The killers(1946) * USA

          También conocida como:
                    - "Los asesinos" (Hispanoamérica)

Duración: 103 min.

Música: Miklós Rózsa

Fotografía: Elwood Bredell

Guion: : Anthony Veiller, (Richard Brooks, John Huston - No acreditados) (Cuento: Ernest Hemingway) (Cuento: Ernest Hemingway)

Dirección: Robert Siodmak

Intérpretes: Burt Lancaster (Pete Lund / Ole Anderson "el Sueco"), Ava Gardner (Kitty Collins), Edmond O'Brien (Jim Reardon), Albert Dekker ("Big Jim" Colfax), Sam Levene (Teniente Sam Lubinsky), Vince Barnett (Charleston), Virginia Christine (Lilly Harmon Lubinsky), Jack Lambert ("Dum-Dum" Clarke), Donald MacBride (R.S. Kenyon), Jeff Corey ("Blinky" Franklin).

Un coche avanza a toda velocidad de noche, iluminando sus faros un cartel con el nombre de la población a la que llegan, Brentwood, en New Jersey.

Sus ocupantes, dos hombres, echan un vistazo a la estación de servicio del pueblo, yendo luego hasta Henry's Diner, donde piden la carta, advirtiéndoles el camarero que algunas cosas solo las sirven a partir de las 6 para la cena y aún falta 10 minutos, no sirviendo tampoco alcohol de alta graduación.

Los forasteros se muestran poco respetuosos con él y afirman que su pueblo es muy aburrido, tras lo que le piden al único cliente del local, Nick Adams, que vaya hasta la cocina, donde uno de los forasteros lo ata junto al cocinero mientras el otro le dice al camarero que si llega alguien le diga que el cocinero tuvo que salir, tras mostrarle su arma y explicarle que han ido a ese pueblo para matar al Sueco, que trabaja en la gasolinera, y al que ellos conocen como Pete Lund, por encargo de un amigo.

Ellos saben que Lund va a cenar allí cada tarde a las 6, y el camarero les dice que ya no lo hará, pues siempre llega un poco antes.

Los dos matones, al ver que en efecto no irá, deciden marcharse, dejando a Nick y a Sam, el cocinero atados y amordazados en la cocina.

El camarero, tras desatarlos, le pide a Nick que avise al Sueco de que van a matarlo antes de que encuentren su casa, lo que Nick hace, atajando y saltando vallas para llegar antes de que lo hagan los matones.

Pero el Sueco, aunque se lo agradece, le dice que no serviría de nada avisar a la policía, pues está cansado de escapar, contándole que quieren matarlo por algo malo que hizo en cierta ocasión, no moviéndose, de hecho, de la cama, desde donde unos minutos más tarde escucha a los dos tipos acercándose a su puerta, no haciendo nada cuando la abren y disparan contra él.

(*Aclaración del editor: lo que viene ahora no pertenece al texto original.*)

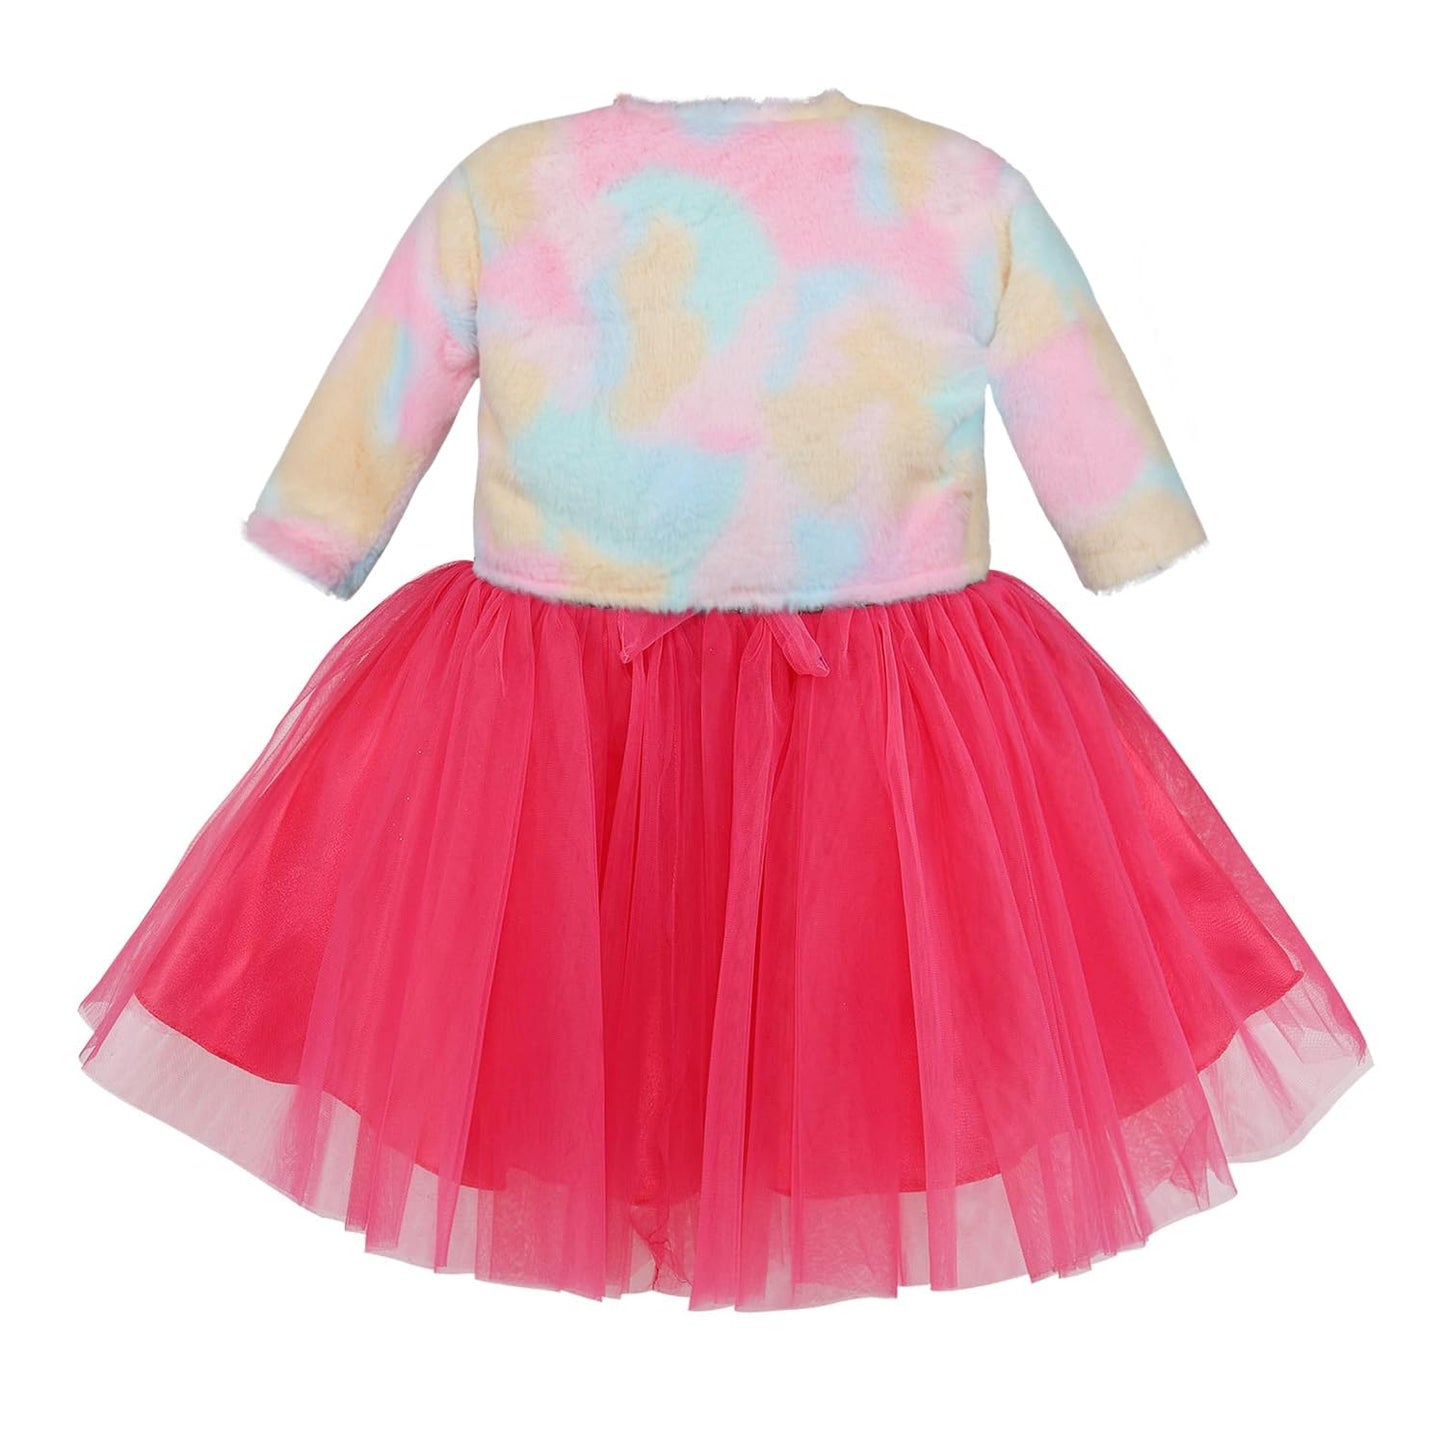 Wish Karo baby girls partywear frocks dress for girls fe3132bwnJKTMLTF
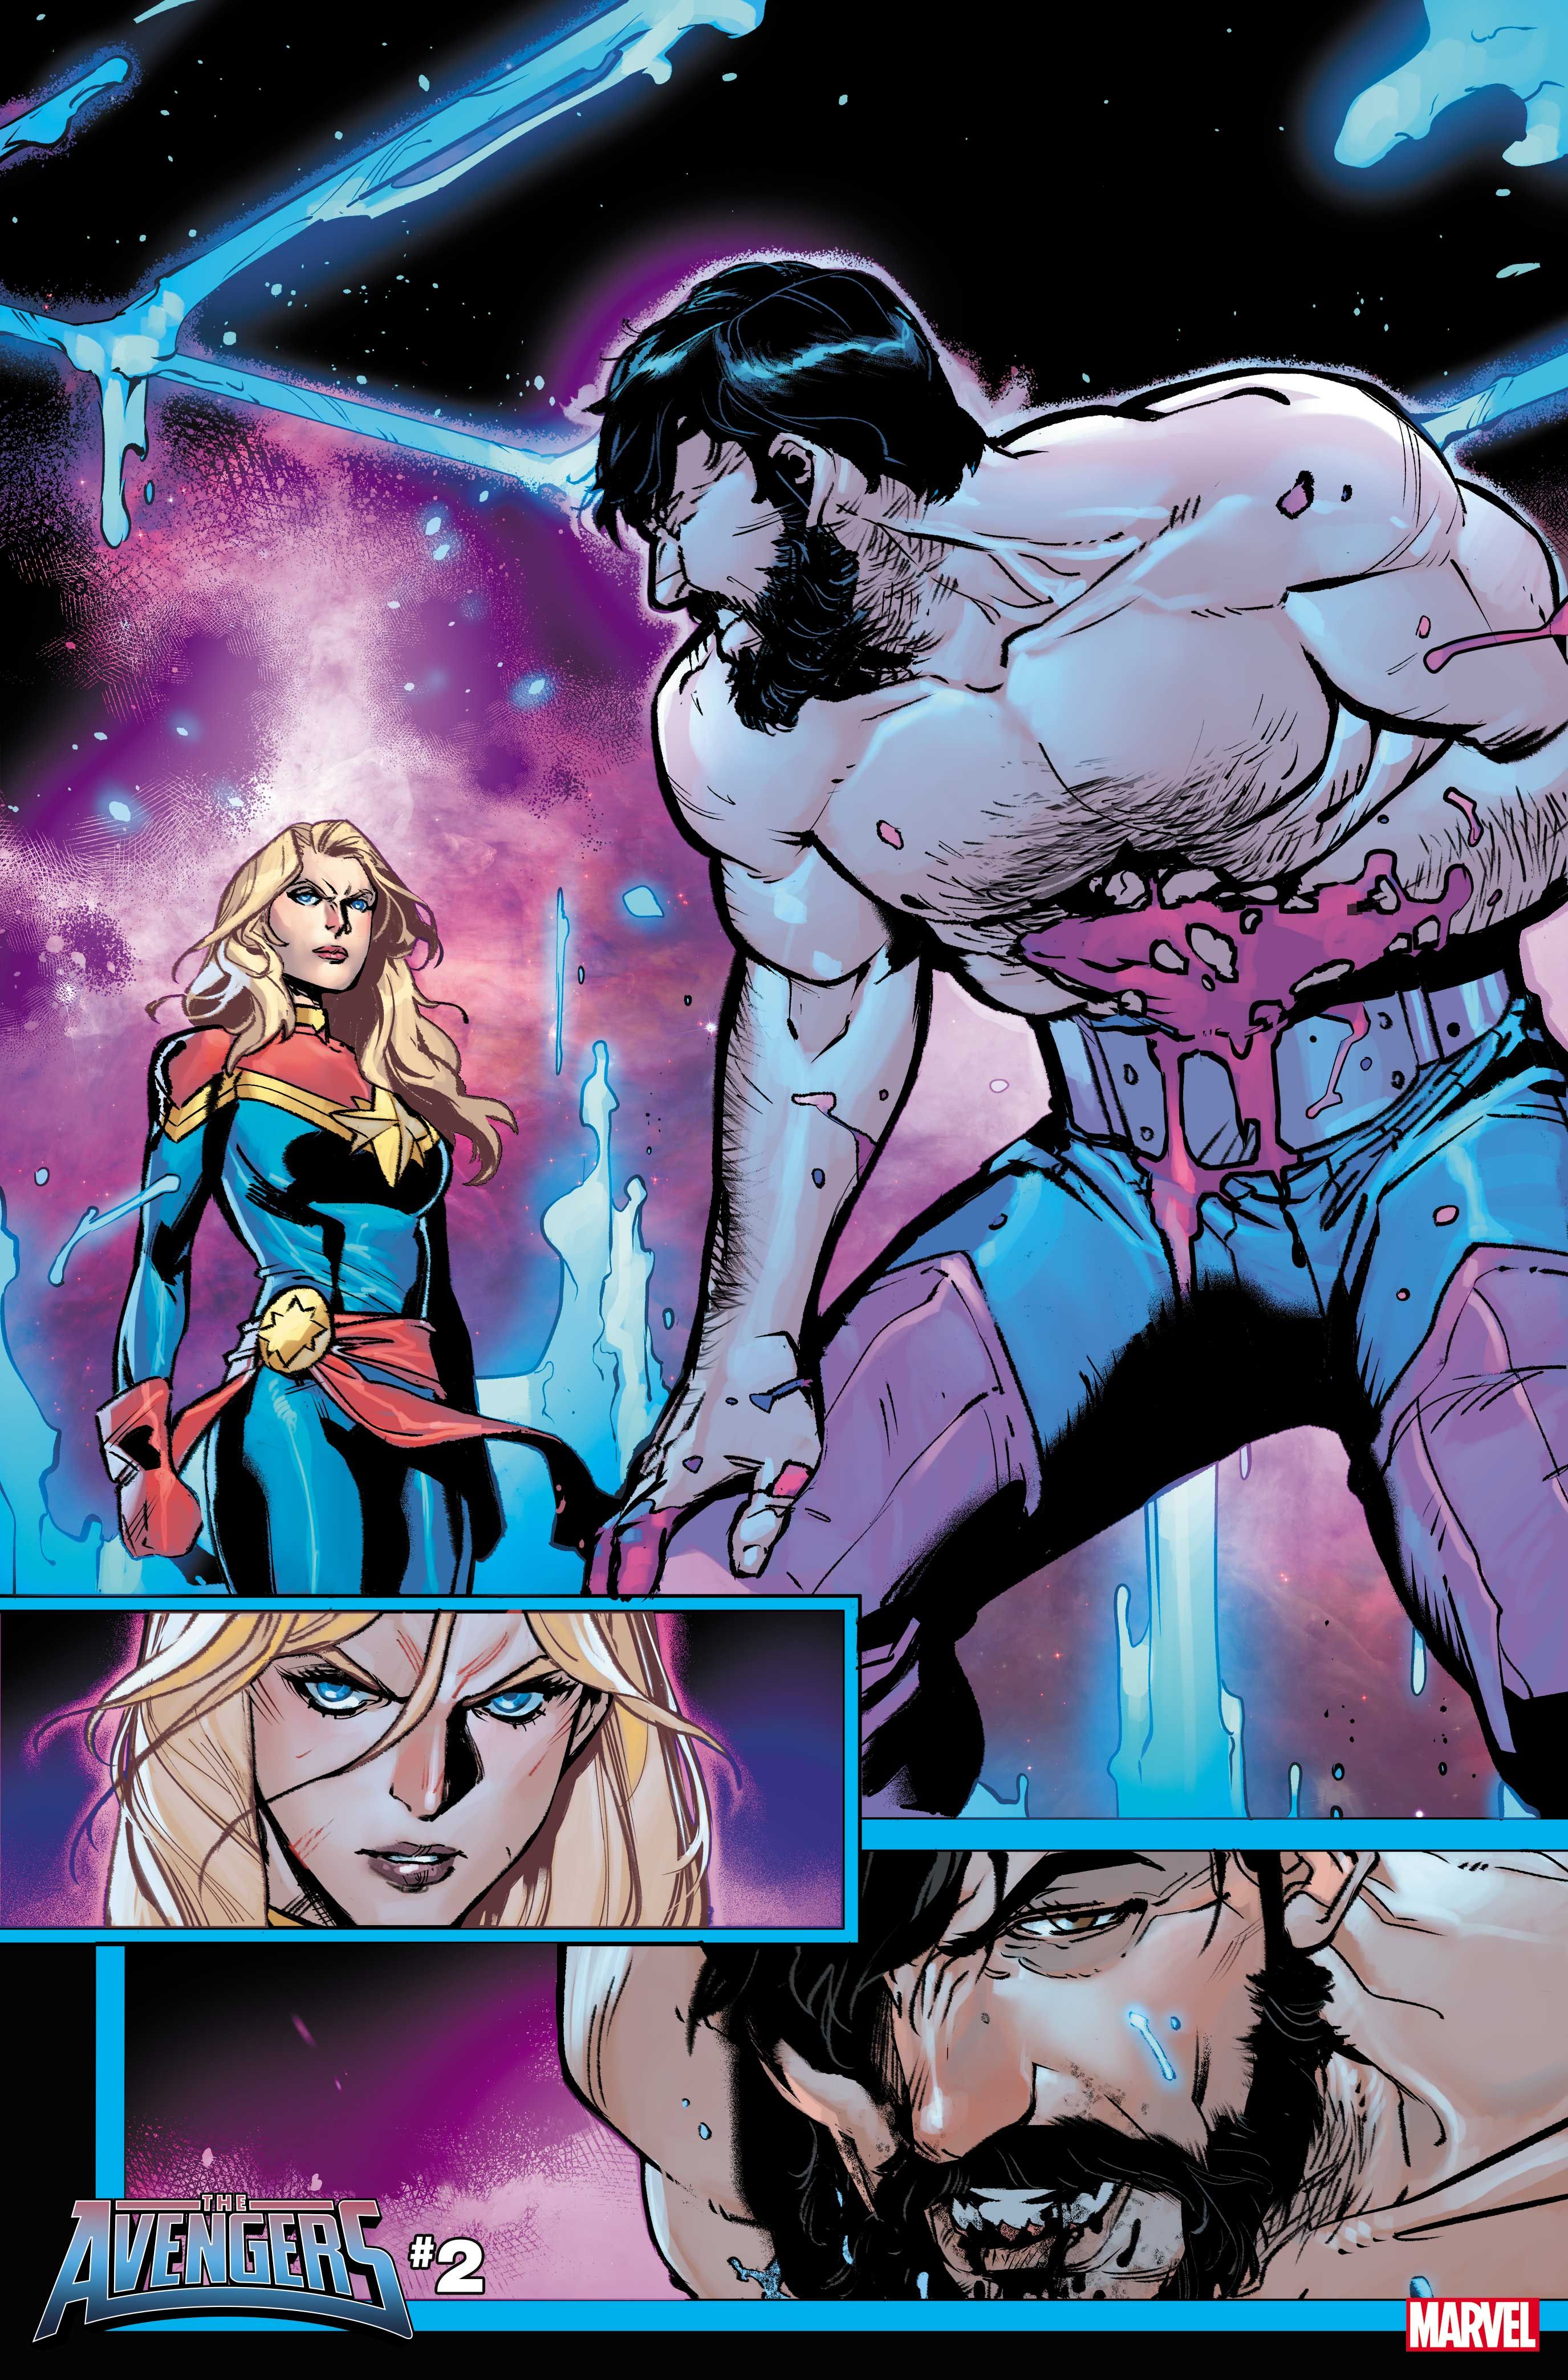 Captain Marvel faces a bleeding man in Avengers 2

El comisario local habla con Jim Reardon, agente de seguros de Atlantic Casualty & Insurance Company, asegurando que la captura de los asesinos es cosa de la policía estatal, ya que ni el asesinado ni los asesinos eran de la localidad, examinando entretanto las pertenencias de Lund, entre las que está el seguro y un pañuelo verde con un harpa, que Reardon se llevará.

Tampoco conocen a la beneficiaria de su póliza, pues solo saben que el Sueco llegó un año atrás y vivía en una pensión y era un tipo solitario que no recibía correo.

En la comisaría declara también Nick, que dice que Lund era un buen compañero, encargándose él de acompañar a Reardon al depósito de cadáveres, donde le explica al forense que la compañía petrolífera Tri-State Oil Co. tenía un seguro colectivo para sus trabajadores y Lund era uno de ellos y por eso investiga su muerte.

El forense le cuenta que tenía 8 heridas de bala que casi lo parten en dos, observando Reardon unas heridas en sus manos.

Nick cuenta que el Sueco cenaba siempre en el restaurante, hasta que unos días antes decidió quedarse en casa porque no se sentía bien.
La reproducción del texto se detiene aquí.